- [EXERCISE AIM]: Without changing a word, copy every line of the listing below and leave out the images.

- [EXERCISE DATA]:
——

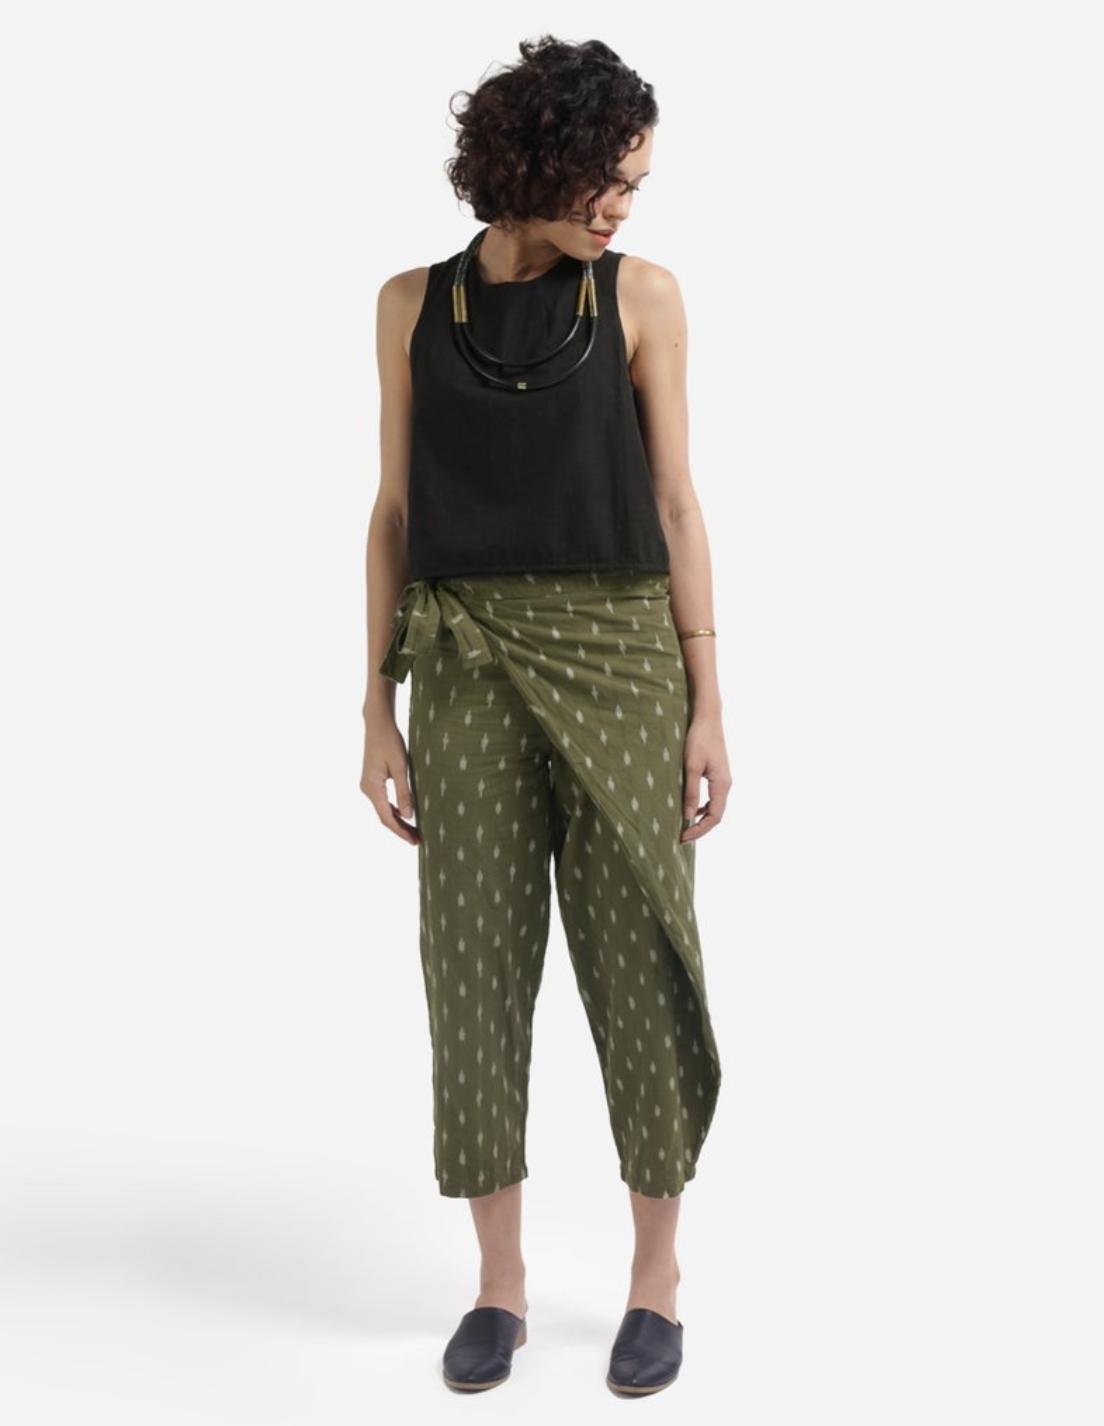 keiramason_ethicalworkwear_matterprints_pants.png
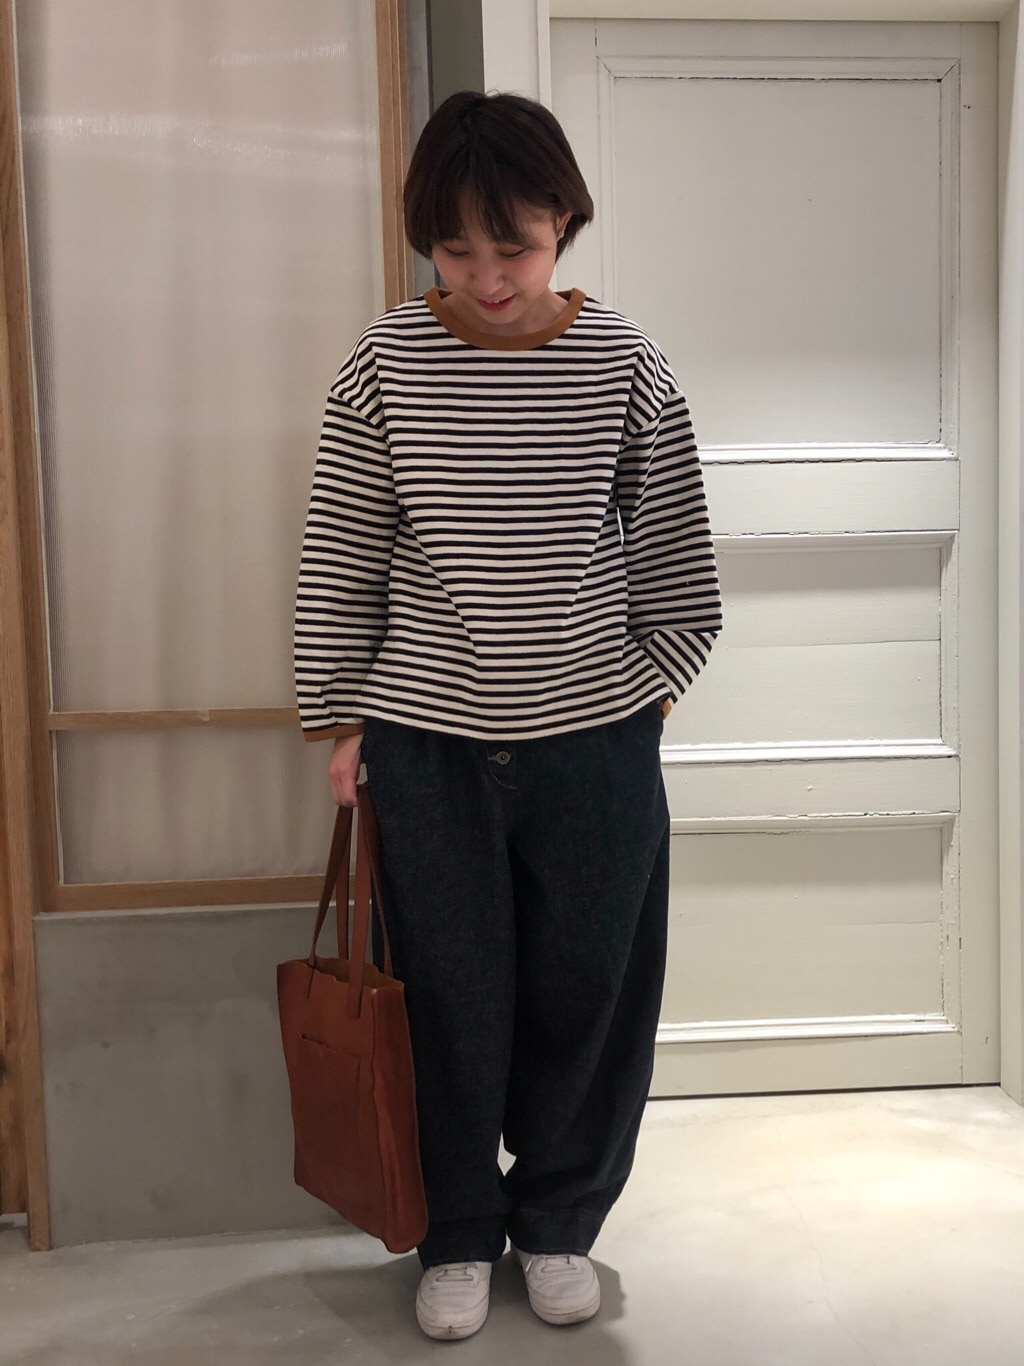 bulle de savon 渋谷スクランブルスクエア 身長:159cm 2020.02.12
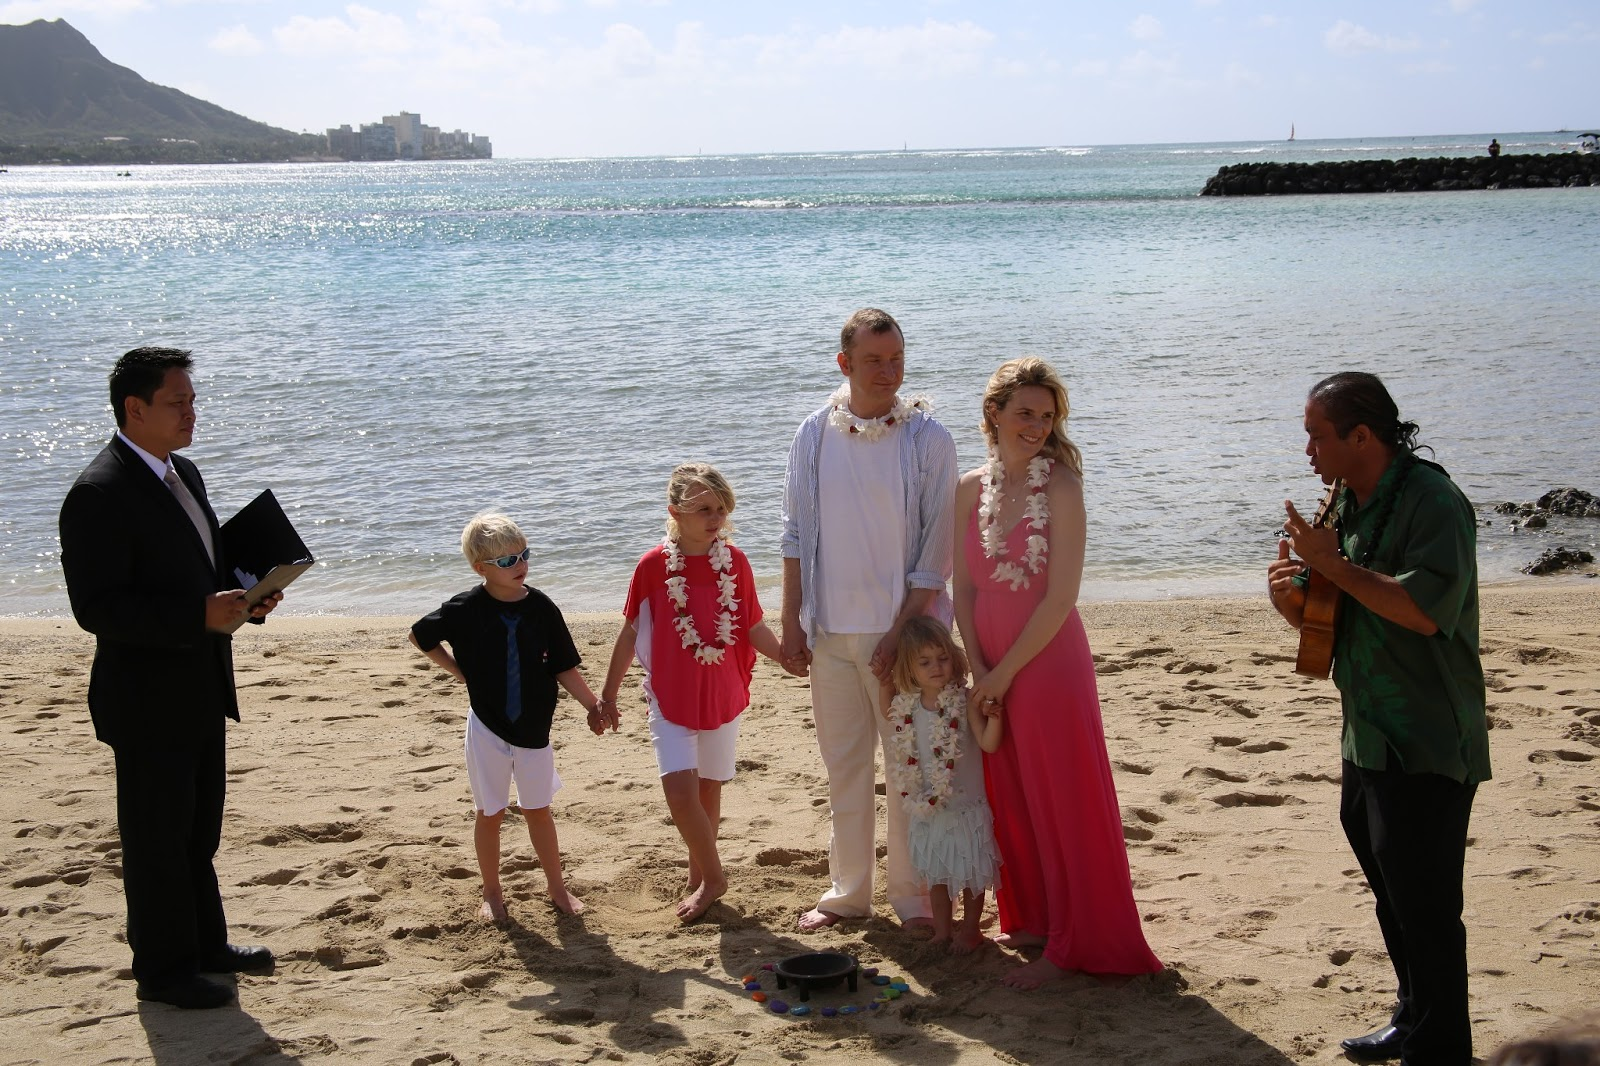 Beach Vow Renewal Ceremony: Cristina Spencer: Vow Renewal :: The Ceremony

——

- [FINISHED TASK]:
 keiramason_ethicalworkwear_matterprints_pants.png
 bulle de savon 渋谷スクランブルスクエア 身長:159cm 2020.02.12
 Beach Vow Renewal Ceremony: Cristina Spencer: Vow Renewal :: The Ceremony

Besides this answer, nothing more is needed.